Print lines meet requirement


 
Thread Tools Search this Thread
Top Forums UNIX for Dummies Questions & Answers Print lines meet requirement
# 1  
Old 10-20-2014
Print lines meet requirement

Dear Masters,

I have 2 files input below

file1
Code:
8269229289|CROATIA|LUX
8269229412|ASIA|LUX
8269229371|EUROPE|LUX
8269229355|LANE|LUX
8269229469|SWISS|LUX
8269229477|HAMBURG|LUX
8269229484|EGYPT|LUX
8269229485|GERMANY|LUX
8269229498|CROATIA|LUX

File2
Code:
8269229289|1100100020
8269229289|1100100122
8269229412|1100100128
82160398467|1100100140
8269229412|1100100195
8269229412|1100100202
8269229355|1100100550
8269229484|1100100568
8269229484|1100100612

I need to print file 1 based on occurence in file 2, so my output should like
Code:
8269229289|CROATIA|LUX|1100100020
8269229289|CROATIA|LUX|1100100122
8269229412|ASIA|LUX|1100100128
8269229371|EUROPE|LUX|
8269229355|LANE|LUX|1100100550
8269229469|SWISS|LUX|
8269229477|HAMBURG|LUX|
8269229484|EGYPT|LUX|1100100568
8269229484|EGYPT|LUX|1100100612
8269229485|GERMANY|LUX|
8269229498|CROATIA|LUX|

8269229289 will appear twice because in file2, 8269229289 also appears twice


I did this
Code:
awk -F'|' 'NR==FNR {h[$1] = $2; next} {FS=OFS="|";print $0,h[$1]}'

but the lines only appear once

Please Help
# 2  
Old 10-20-2014
Try

Code:
awk 'NR==FNR{
		h[$1] =( $1 in h ) ? h[$1] OFS $2 : $2
		next
            }
            {
		if(split(h[$1],part,OFS)>1)
		{ 
			for(i in part)
			{	
				print $0 OFS part[i]
			}
			next			
		} 
		print $0,(length(h[$1])?h[$1]:"Empty")
	    }
     ' FS="|" OFS="|" file2 file1

This User Gave Thanks to Akshay Hegde For This Post:
# 3  
Old 10-20-2014
oh my gosh..
can you explain step by step.
it works
# 4  
Old 10-20-2014
Quote:
Originally Posted by radius
oh my gosh..
can you explain step by step.
it works
Code:
awk 'NR==FNR{
		# Read file2 first and then
		# create hash using column1 ($1) as index and column2 ($2) as element
		# if index $1 is already exists then append current line $2 to existing element
		# where separator between old element and new element is OFS

		h[$1] =( $1 in h ) ? h[$1] OFS $2 : $2

		# Stop processing go to next line
		next
            }
           {
		# Here we read file1
		# split(string, array, fieldsep)
   		# This divides string into pieces separated by fieldsep, and stores the pieces in array and
		# returns the number of elements created
		# if elements created is greater than 1, then we have some more elements yet to print

		if(split(h[$1],part,OFS)>1)
		{ 
			# start looking through array part
			for(i in part)
			{	
				# print current line OFS and array element
				print $0 OFS part[i]
			}
			# stop processing go to next line
			next			
		} 

		# print current line OFS and content of hash h, for index $1
		# if length of element is zero then print string "empty"
		print $0,(length(h[$1])?h[$1]:"Empty")
		
		
	    }
     ' FS="|" OFS="|" file2 file1

# 5  
Old 10-20-2014
Why doesn't "8269229412" show up thrice in your sample output file?

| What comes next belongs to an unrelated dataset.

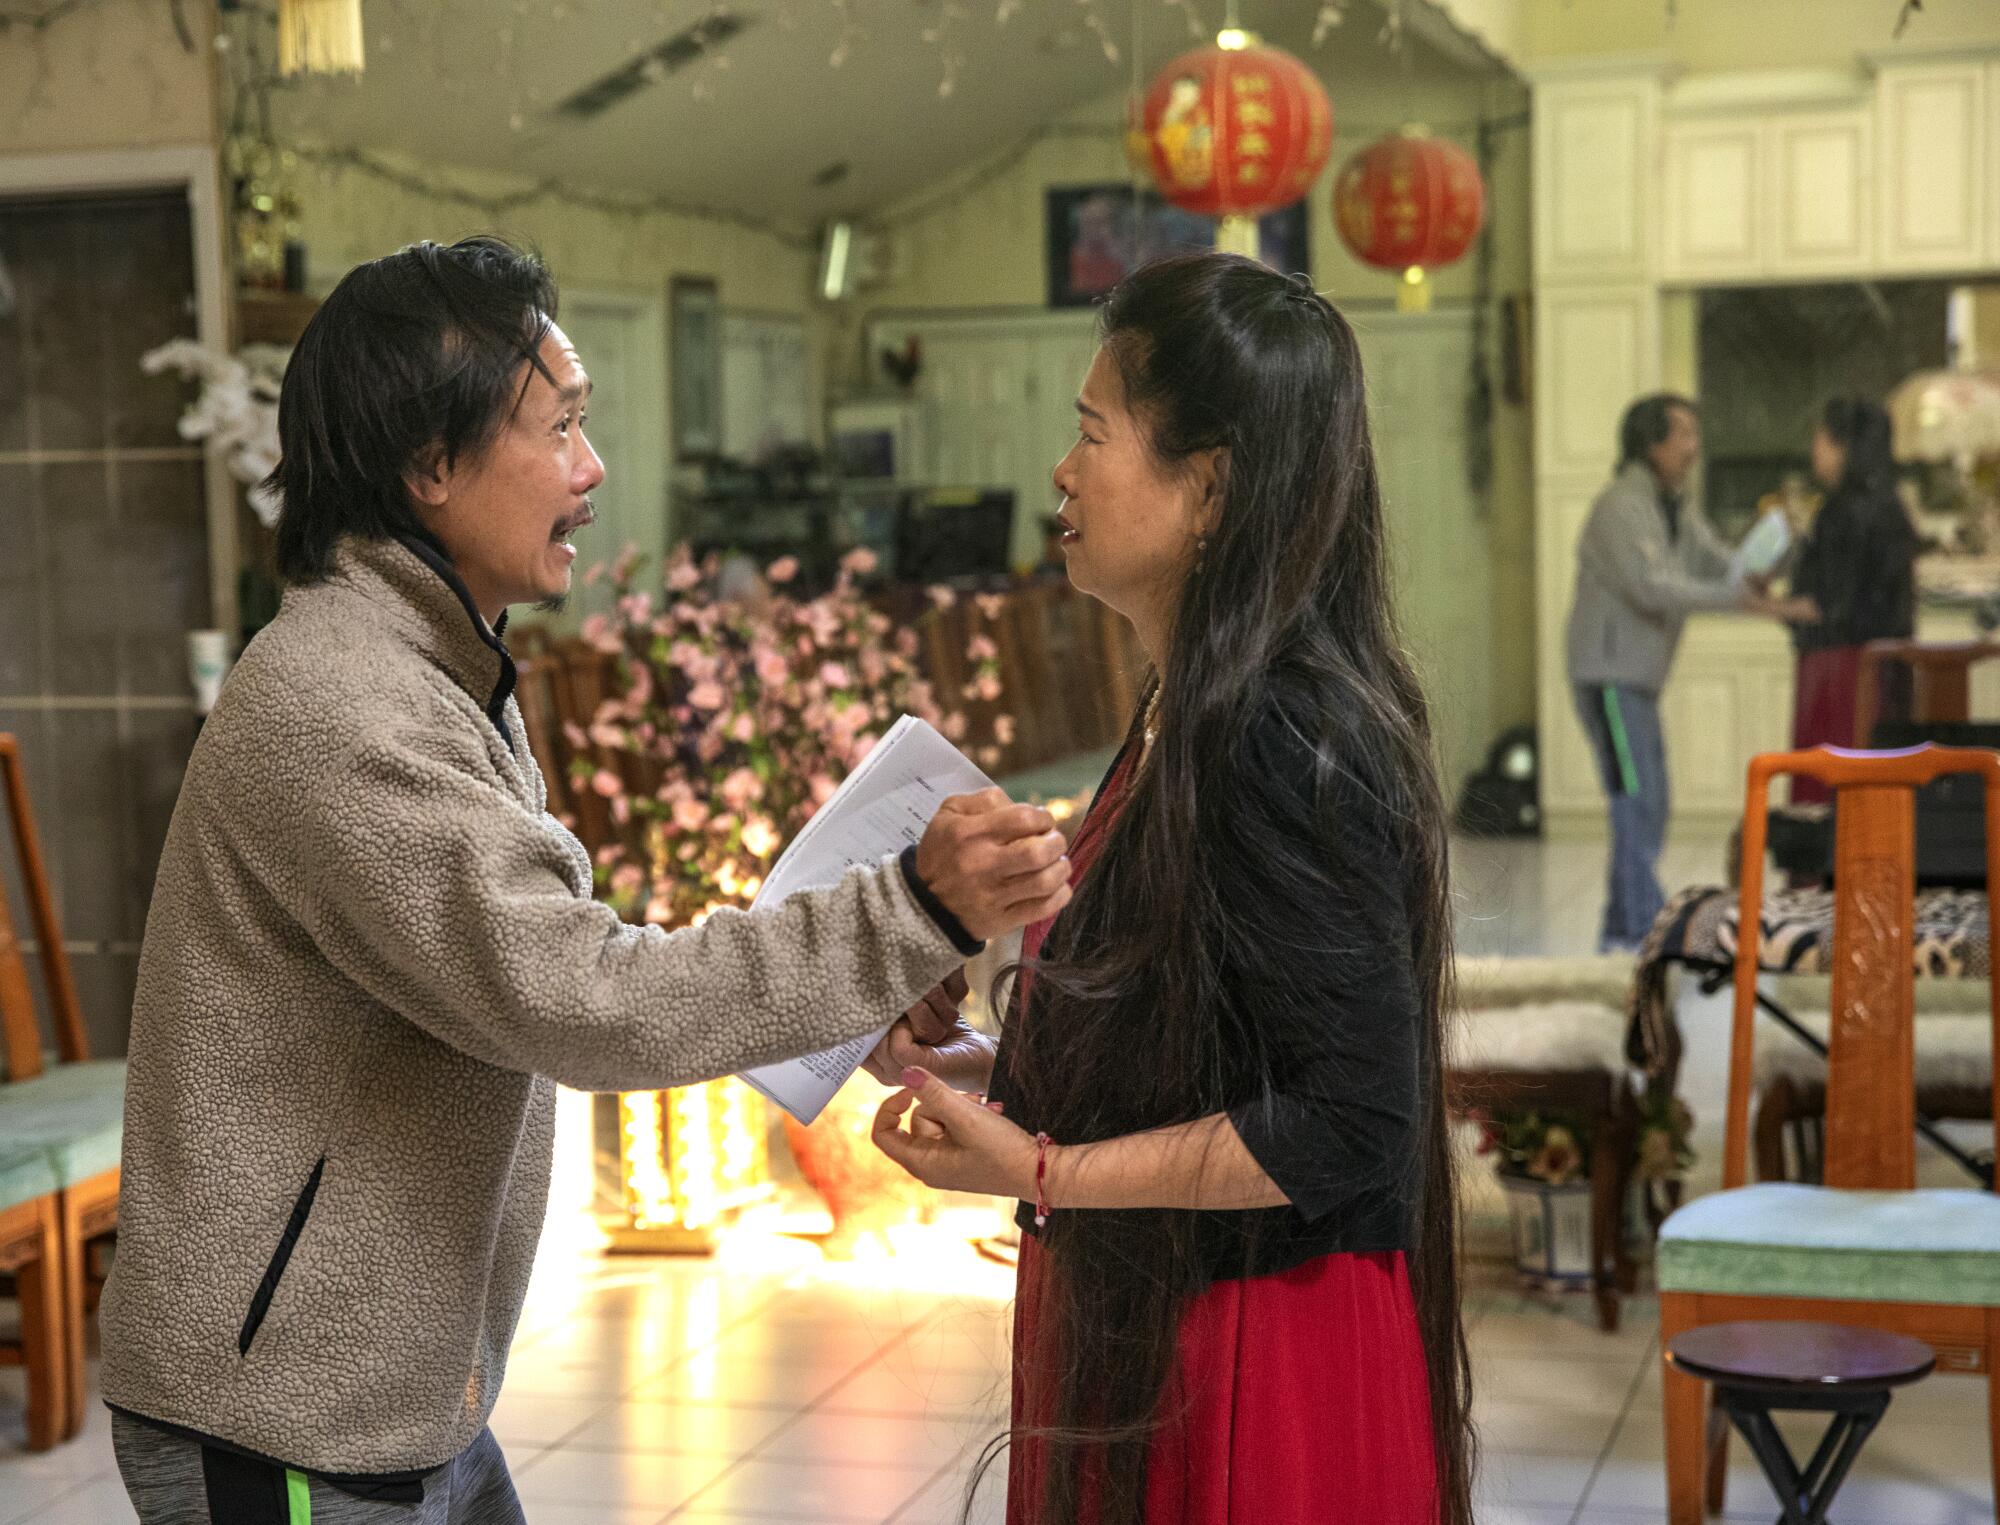 Two people rehearse a scene

Try (adapting your own approach):
Code:
awk     'NR==FNR        {h[$1] = $0; next}
         $1 in h        {print h[$1],$NF; N[$1]}
         END            {for (i in h) if (!(i in N)) print h[i]}
        ' FS=\| OFS=\| file1 file2
8269229289|CROATIA|LUX|1100100020
8269229289|CROATIA|LUX|1100100122
8269229412|ASIA|LUX|1100100128
8269229412|ASIA|LUX|1100100195
8269229412|ASIA|LUX|1100100202
8269229355|LANE|LUX|1100100550
8269229484|EGYPT|LUX|1100100568
8269229484|EGYPT|LUX|1100100612
8269229371|EUROPE|LUX
8269229469|SWISS|LUX
8269229477|HAMBURG|LUX
8269229485|GERMANY|LUX
8269229498|CROATIA|LUX

@Akshay Hegde: your approach seems to print extra lines:
Code:
8269229289|CROATIA|LUX|
8269229289|CROATIA|LUX|1100100020
8269229289|CROATIA|LUX|1100100122
etc.


Last edited by RudiC; 10-20-2014 at 10:21 AM..
# 6  
Old 10-20-2014
How about

Code:
 
awk -F'|' 'NR==FNR{a[$1]=$0;next}{for (i in a) gsub(i,a[i])}1' file2 file1

# 7  
Old 10-20-2014
Hello radius,

Following may help you but it has limitation of being used only for the shown input as I have hardcoded the number of lines in solution but may be helpful.( Working on how to get number of lines of all input files so that there should not be a need to hardcode it).

Code:
awk -F"|" 'FNR==NR{A[$1]=$0;next} NR>=10 && NR<=18($1 in A && A[$1]){if(A[$1]){print A[$1] OFS $2;next}} NR>18($1 in A){delete A[$1];next} END{for(r in A){print A[r]}}' OFS="|"  file1 file2 file2

As of now it will work only for given input, I am tryingto get the without hardcoding one solution.

Hello senhia83,
Quote:
How about

awk -F'|' 'NR==FNR{a[$1]=$0;next}{for (i in a) gsub(i,a[i])}1' file2 file1
This is not giving as requested output by OP.


Thanks,
R. Singh
 
Login or Register to Ask a Question

Previous Thread | Next Thread

10 More Discussions You Might Find Interesting

1. UNIX for Beginners Questions & Answers

Print number of lines for files in directory, also print number of unique lines

I have a directory of files, I can show the number of lines in each file and order them from lowest to highest with: wc -l *|sort 15263 Image.txt 16401 reference.txt 40459 richtexteditor.txt How can I also print the number of unique lines in each file? 15263 1401 Image.txt 16401... (15 Replies)
Discussion started by: spacegoose
15 Replies

2. Shell Programming and Scripting

awk to print lines that meet conditions and have value in another file

I am trying to use awk to print lines that satisfy either of the two conditions below: condition 1: $2 equals CNV and the split of $3, the value in red, is greater than or equal to 4. ---- this is a or so I think condition 2: $2 equals CNV and the split of $3, the value in red --- this is a... (4 Replies)
Discussion started by: cmccabe
4 Replies

3. Shell Programming and Scripting

Print header and lines that meet both conditions in awk

In the awk below I am trying to print only the header lines starting with # or ## and the lines that $7 is PASS and AF= is less than 5%. The awk does execute but returns an empty file and I am not sure what I am doing wrong. Thank you. file ... (0 Replies)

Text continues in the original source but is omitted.